Monday, November 13th 2023, 10:21 pm
The nation’s highest honor for youth poets was bestowed Monday by First Lady Jill Biden on five high school students, including Kallan McKinney, a junior at Norman High School.
The National Student Poets Program (NSPP) was created in 2011 as a partnership of the Institute of Museum and Library Services (IMLS) and the Alliance for Young Artists & Writers.
The goal of the NSPP is to, “encourage young people to explore and develop new creative capabilities.”
McKinney and the other four young poets representing different regions of the country were selected by a panel of judges from thousands of entries and each receive an award of $5,000.
“I don’t know, I don’t know a word to describe it,” McKinney said, when asked what the experience has meant. “It’s so much fun being with the other four poets and meeting Dr. Biden.
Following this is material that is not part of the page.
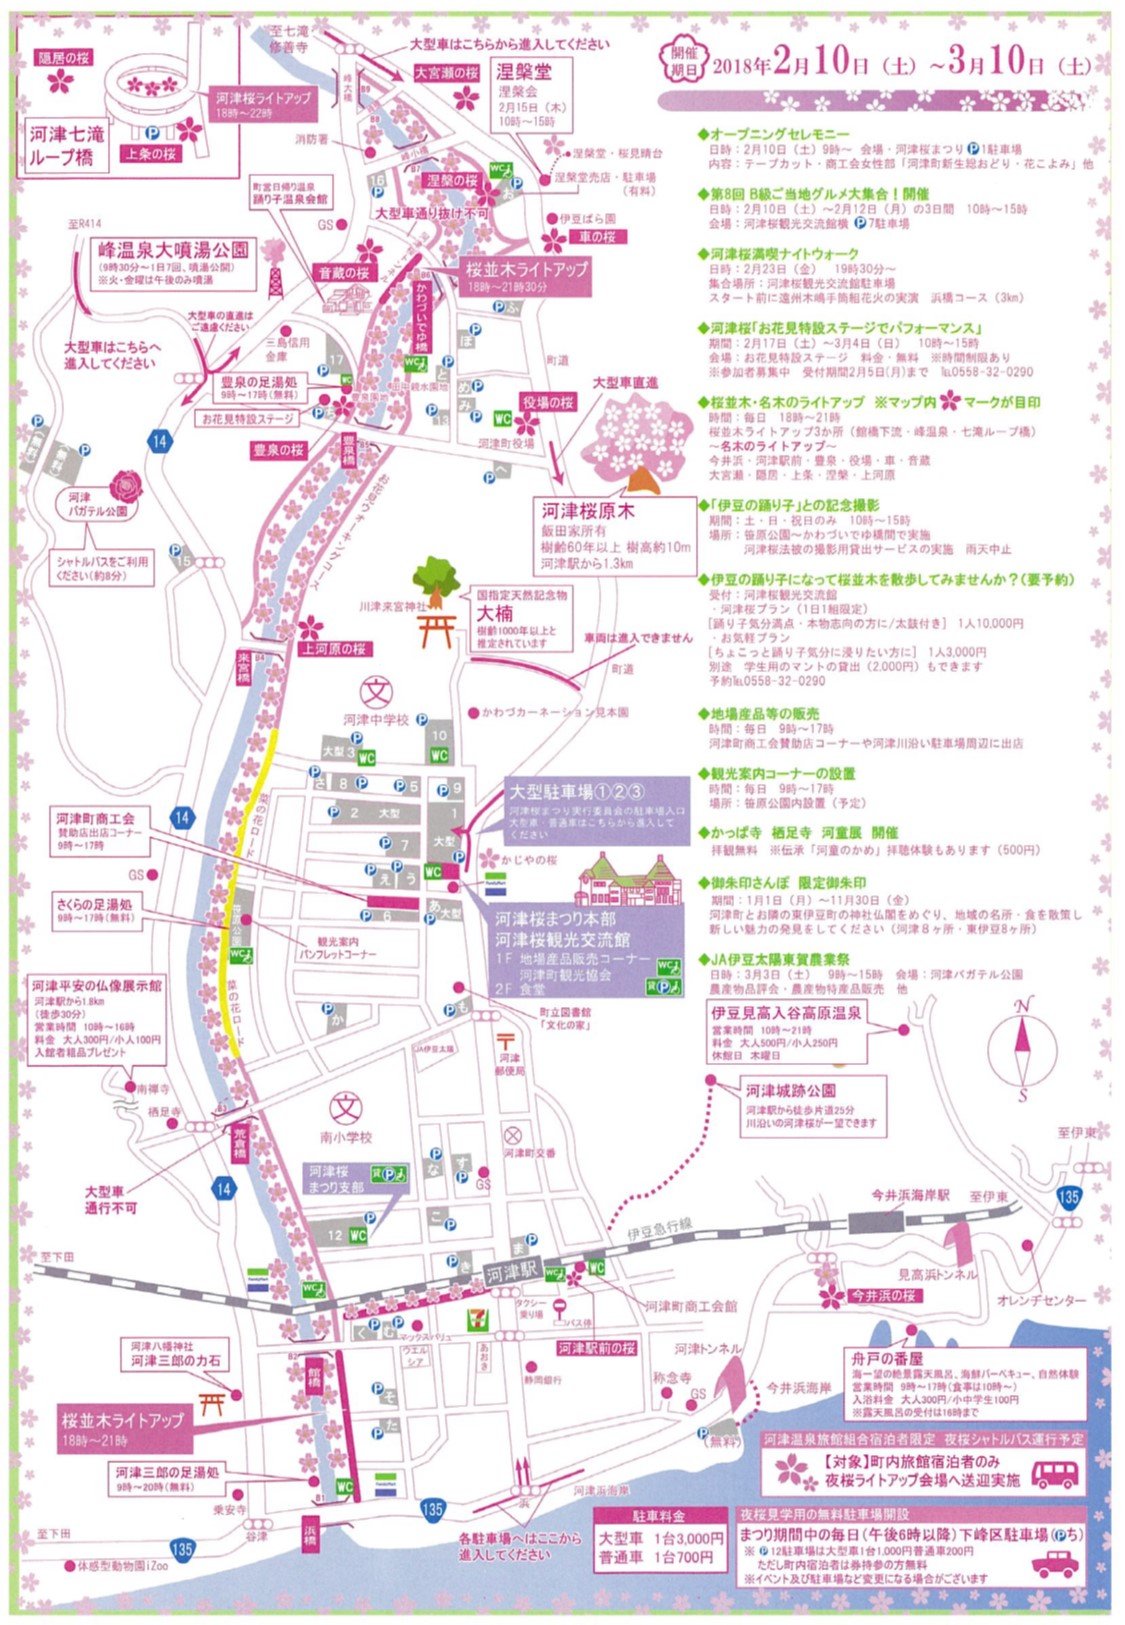 河津桜祭り（2018.2.10～2018.3.10）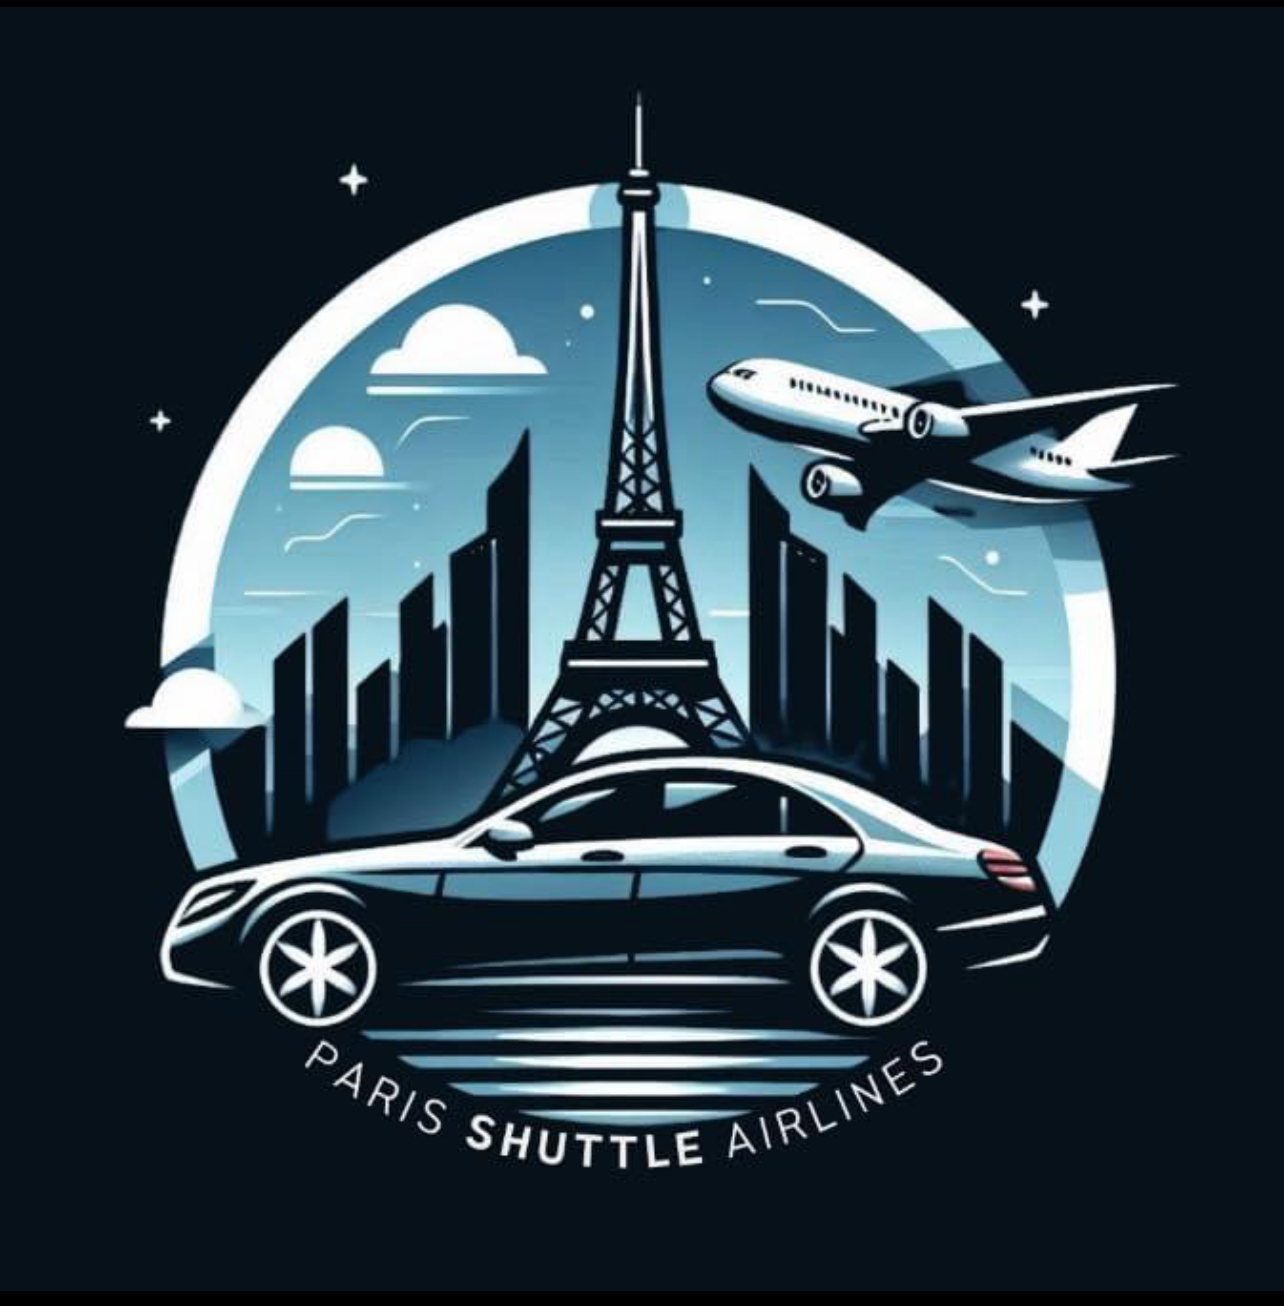 Paris Shuttle Airlines®

Everyone here has been so kind and so supportive of us.”
Biden had high praise for the students, noting that, at various times in her life, poetry has been a “refuge” for her, “a soothing companion that gives voice to emotions I can’t always articulate on my own."
“Poetry feeds our spirit, when we are hungry for something more,” Biden continued. “In a world that asks us to sprint from moment to moment to moment, and meeting to meeting, poetry reminds us to slow down, take a breath and appreciate the celestial beauty that surrounds us.”
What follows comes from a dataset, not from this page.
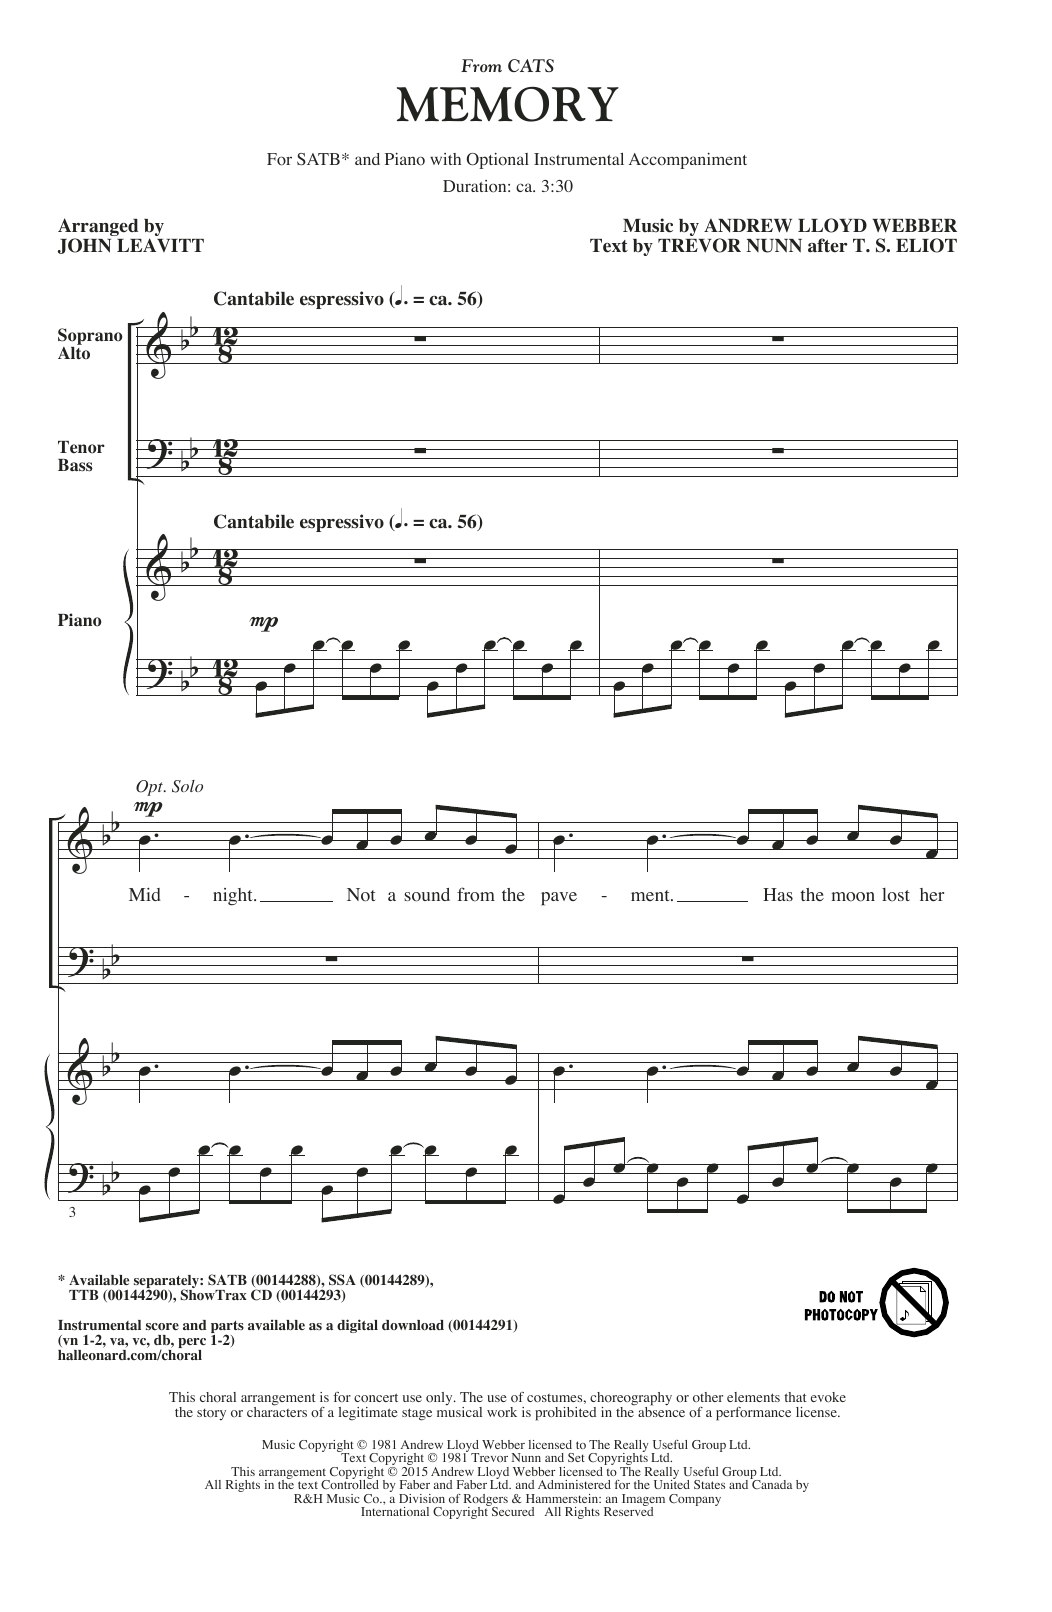 Andrew Lloyd Webber Memory (from Cats) (arr. John Leavitt) Sheet Music Notes & Chords for TTBB - Download or Print PDF

The five students each read one of their poems as part of the ceremony at the White House’s South Court Auditorium.
McKinney, who is queer and trans and uses the pronouns they/them, recited their poem, “the shell gas station sign."
the shell gas station sign
floats in floodwater.
the man at the counter calls me street smart because i know what food stamps look like
& how to use them.
he asks if i need air from the pump outside.
thanks, but i have my own.
you’re so down to earth, he says, laughing.
thanks. (the water at our ankles) we all are.
haven’t you noticed?
the hour we give up in spring
returns as autumn.
On the one hand, the poem reads like a simple description of a random encounter following a heavy Oklahoma rainstorm.
“I was trying to show what I saw, and what I see all the time, which is the flooding,” McKinney explained in an interview.
On the other hand, they say, the poem is about so much more. “The ways that the earth is struggling and the ways that people struggle,” they said, “and that we all keep going on while all of these things happen.”
McKinney said, on top of being a great and humbling honor, this recognition is affirming, of who they are and the poet they've become.
“[Poetry] is mainly my way of connecting with people and talking to, and with, people,” McKinney said, describing the important role poetry plays in their life. “That's what it’s done for me. It’s allowed me to say a lot more than I ever thought I could say.”
McKinney is the second Oklahoman to receive the honor of National Student Poet for the southwest region. Deer Creek High School’s Julie Dawkins achieved the same recognition in 2019.